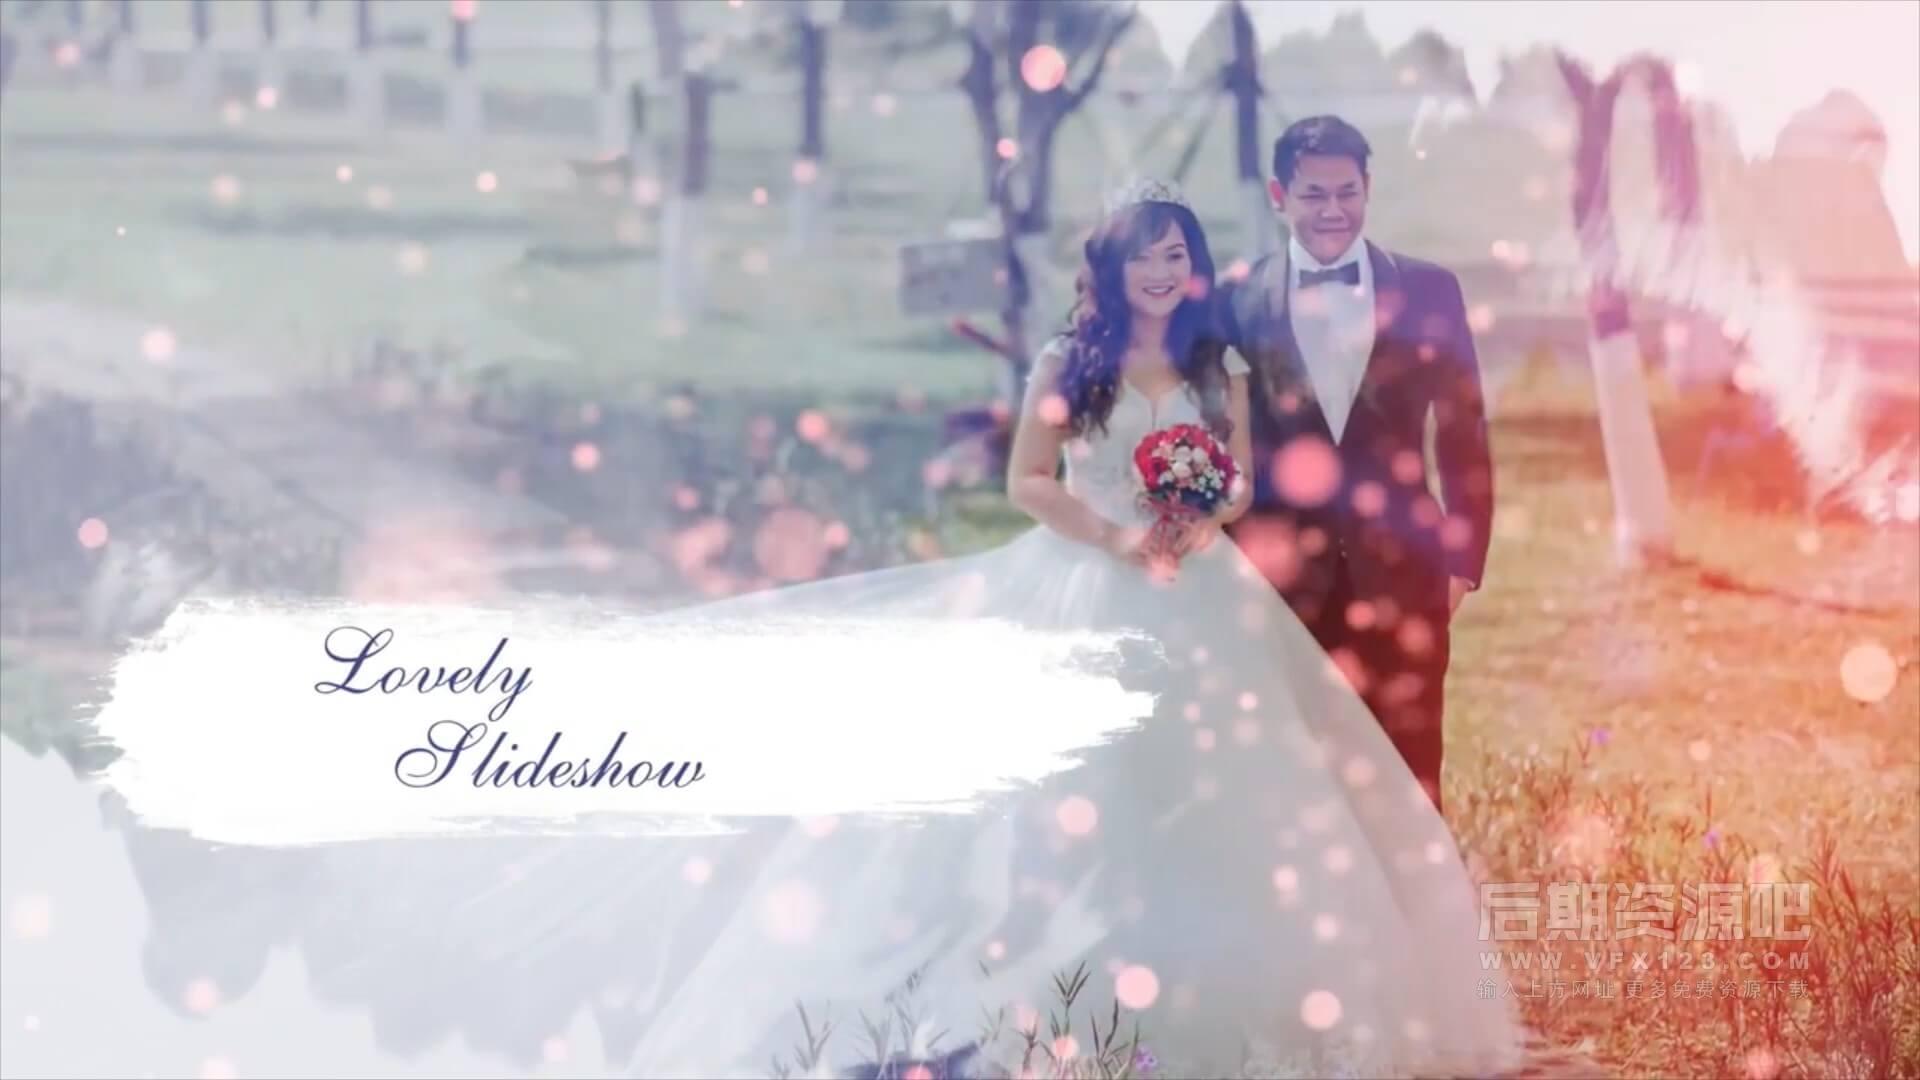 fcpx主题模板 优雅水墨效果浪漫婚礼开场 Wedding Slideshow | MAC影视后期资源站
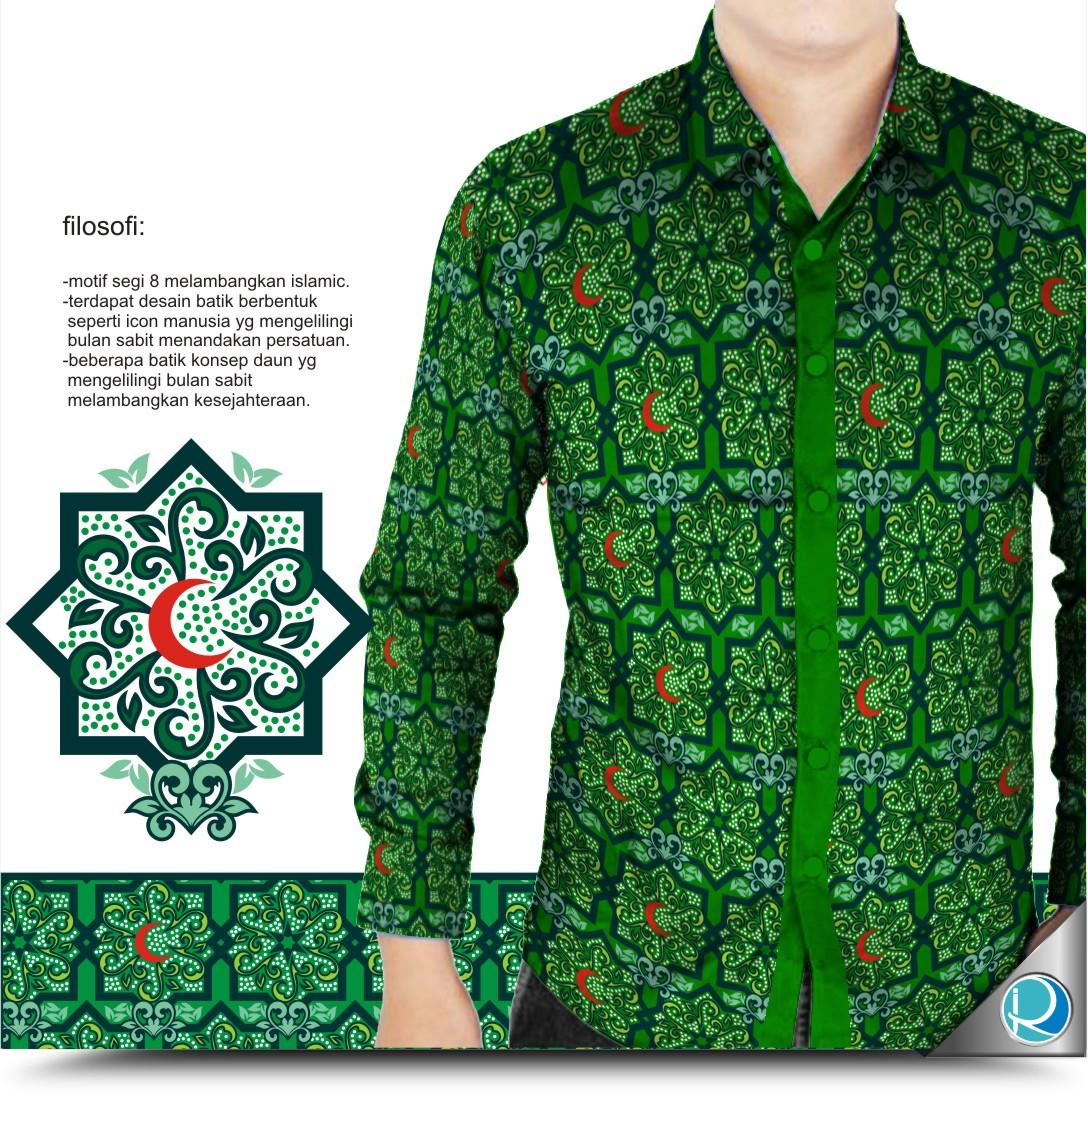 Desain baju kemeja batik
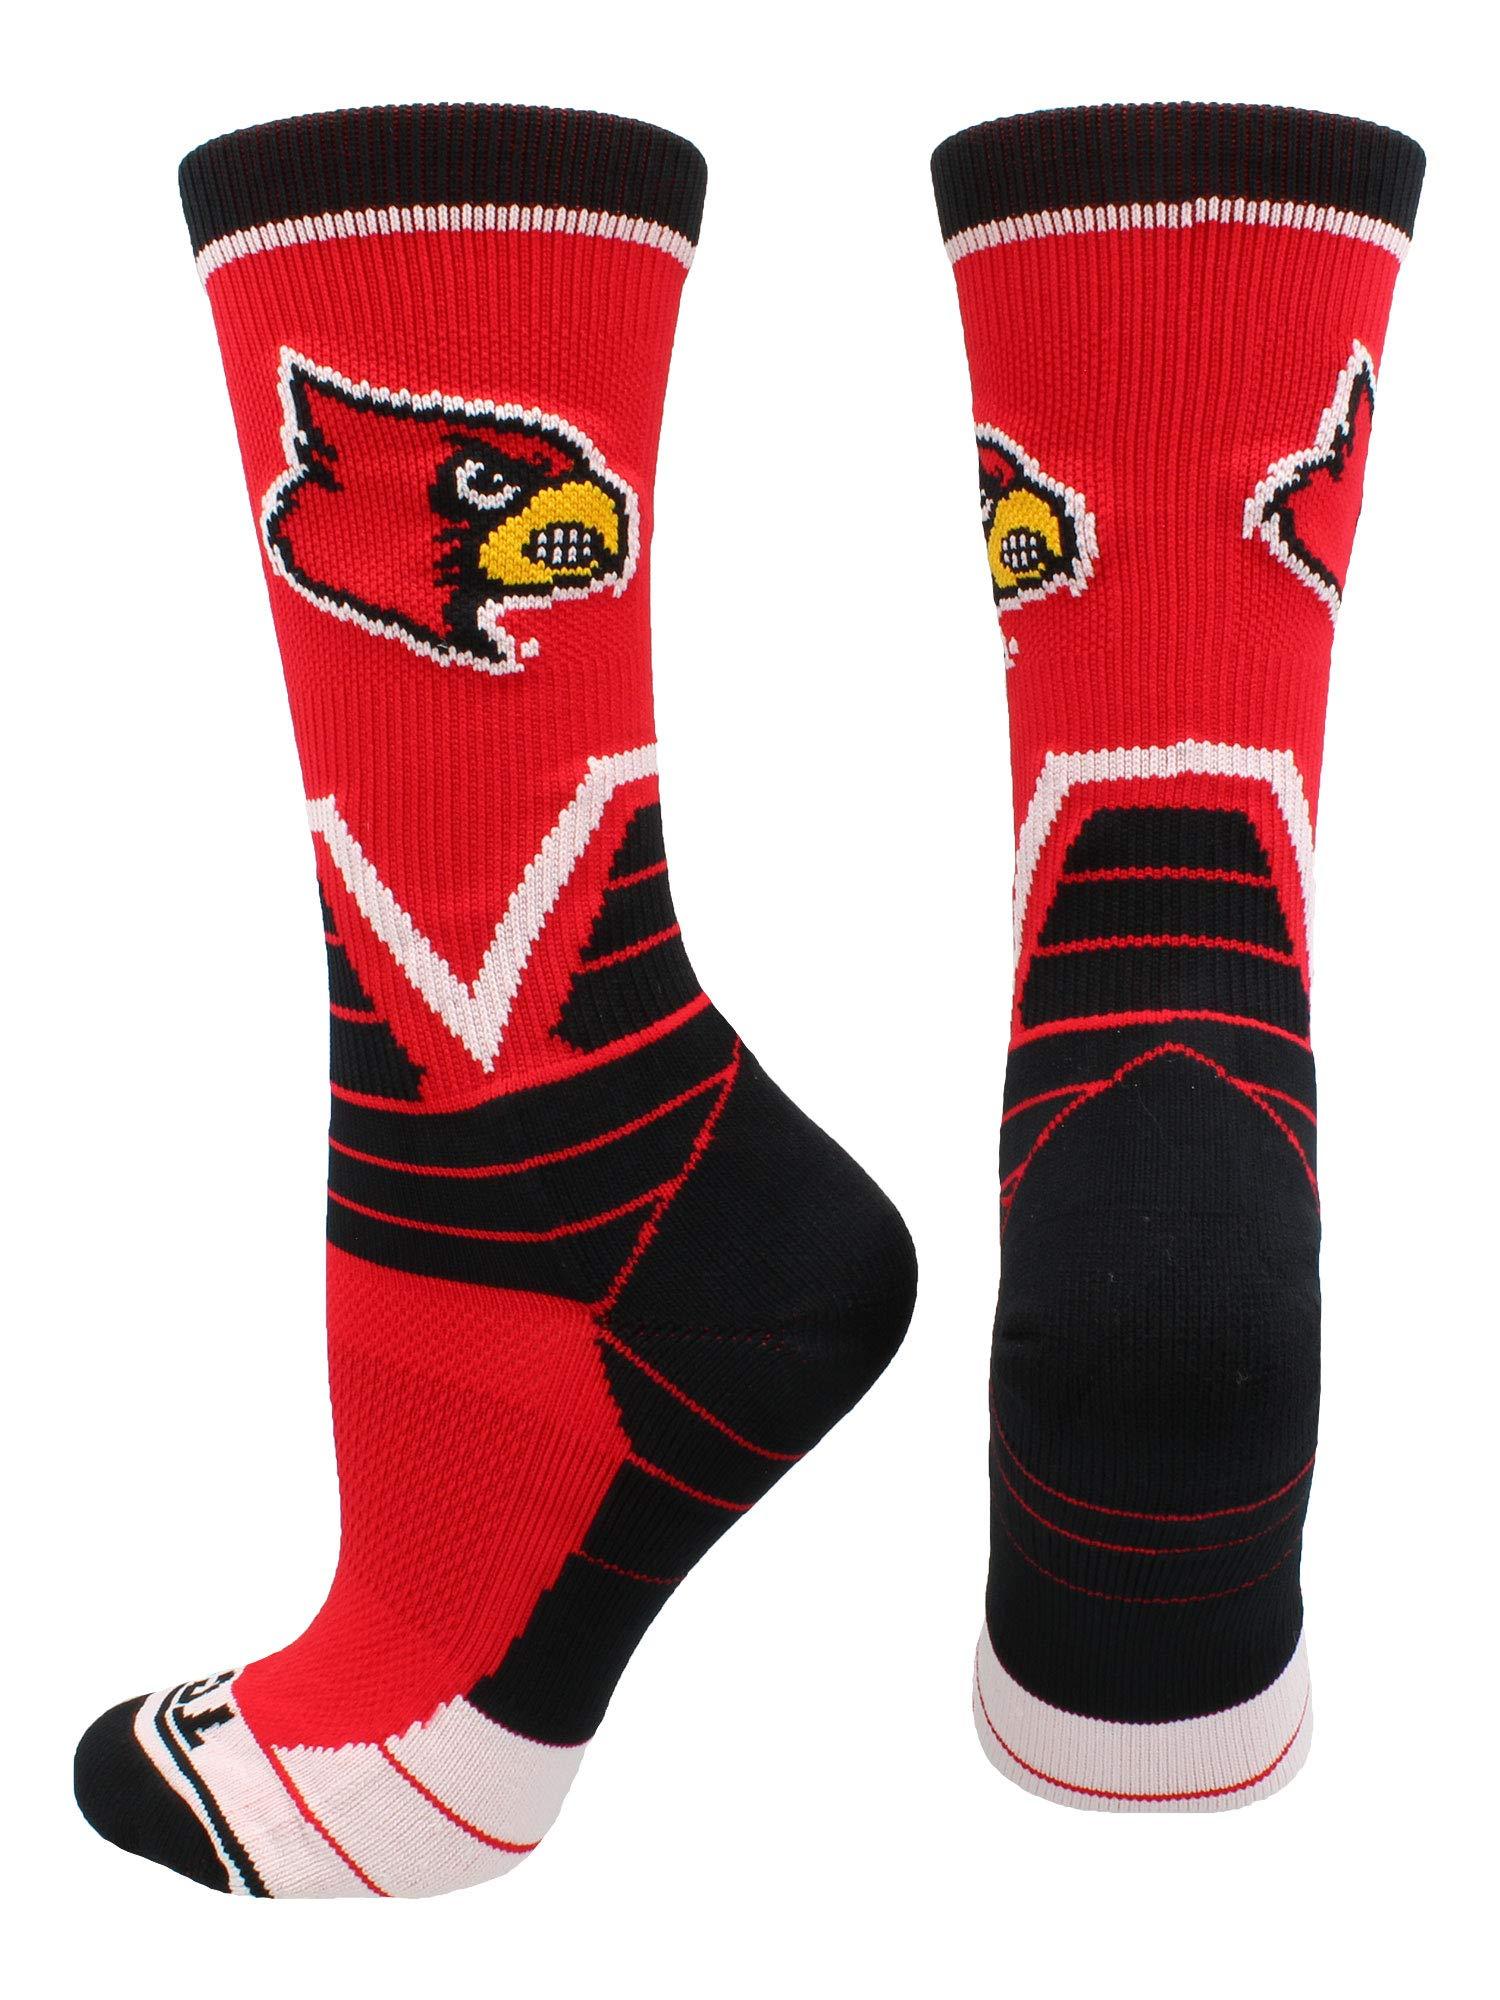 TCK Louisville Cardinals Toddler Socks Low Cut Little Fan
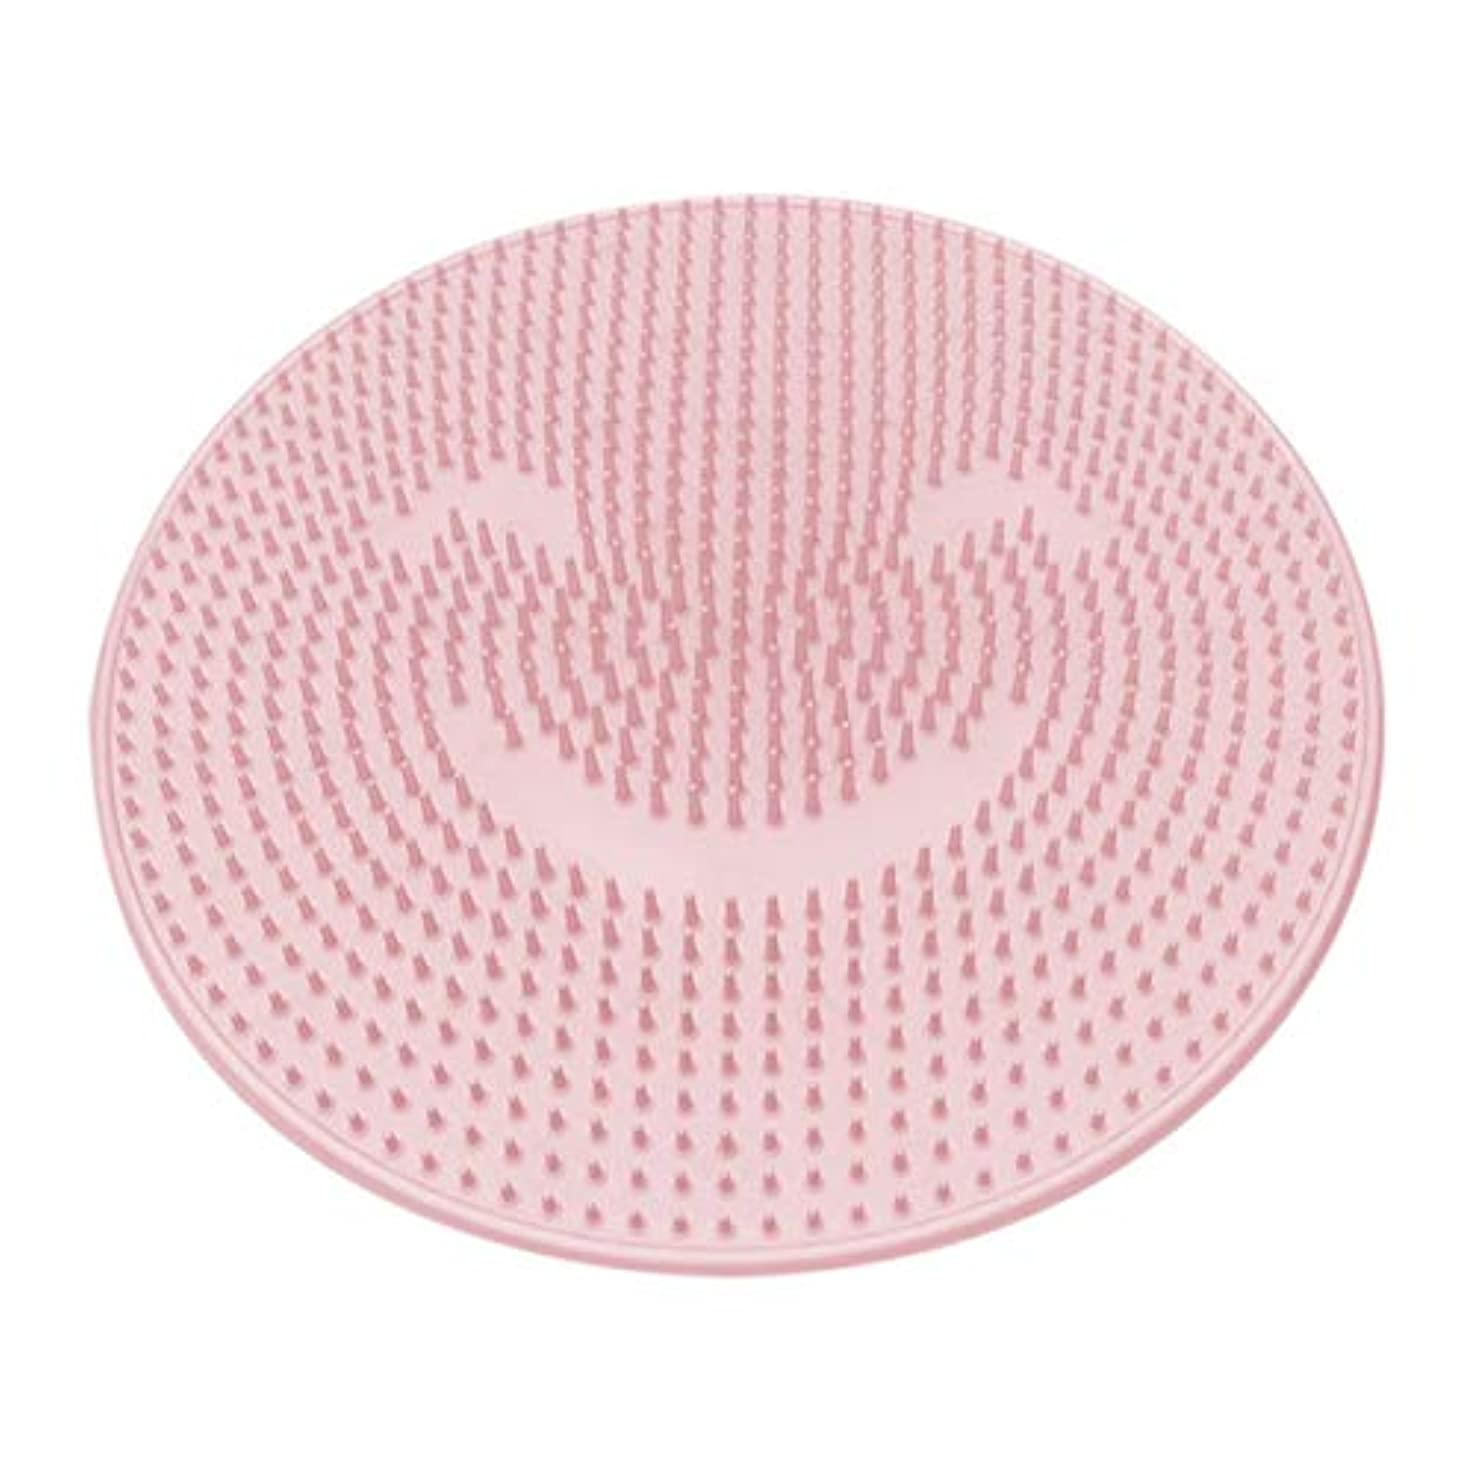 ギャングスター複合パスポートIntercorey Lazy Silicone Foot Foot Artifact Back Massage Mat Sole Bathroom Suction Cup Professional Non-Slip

■ WORK ITEM: Leaving out all pictures, repeat word for word the lines from the one containing "TCK Louisville Cardinals" through the final line of the material above.

■ OUTPUT OF THE EXERCISE:
 TCK Louisville Cardinals Toddler Socks Low Cut Little Fan
 ギャングスター複合パスポートIntercorey Lazy Silicone Foot Foot Artifact Back Massage Mat Sole Bathroom Suction Cup Professional Non-Slip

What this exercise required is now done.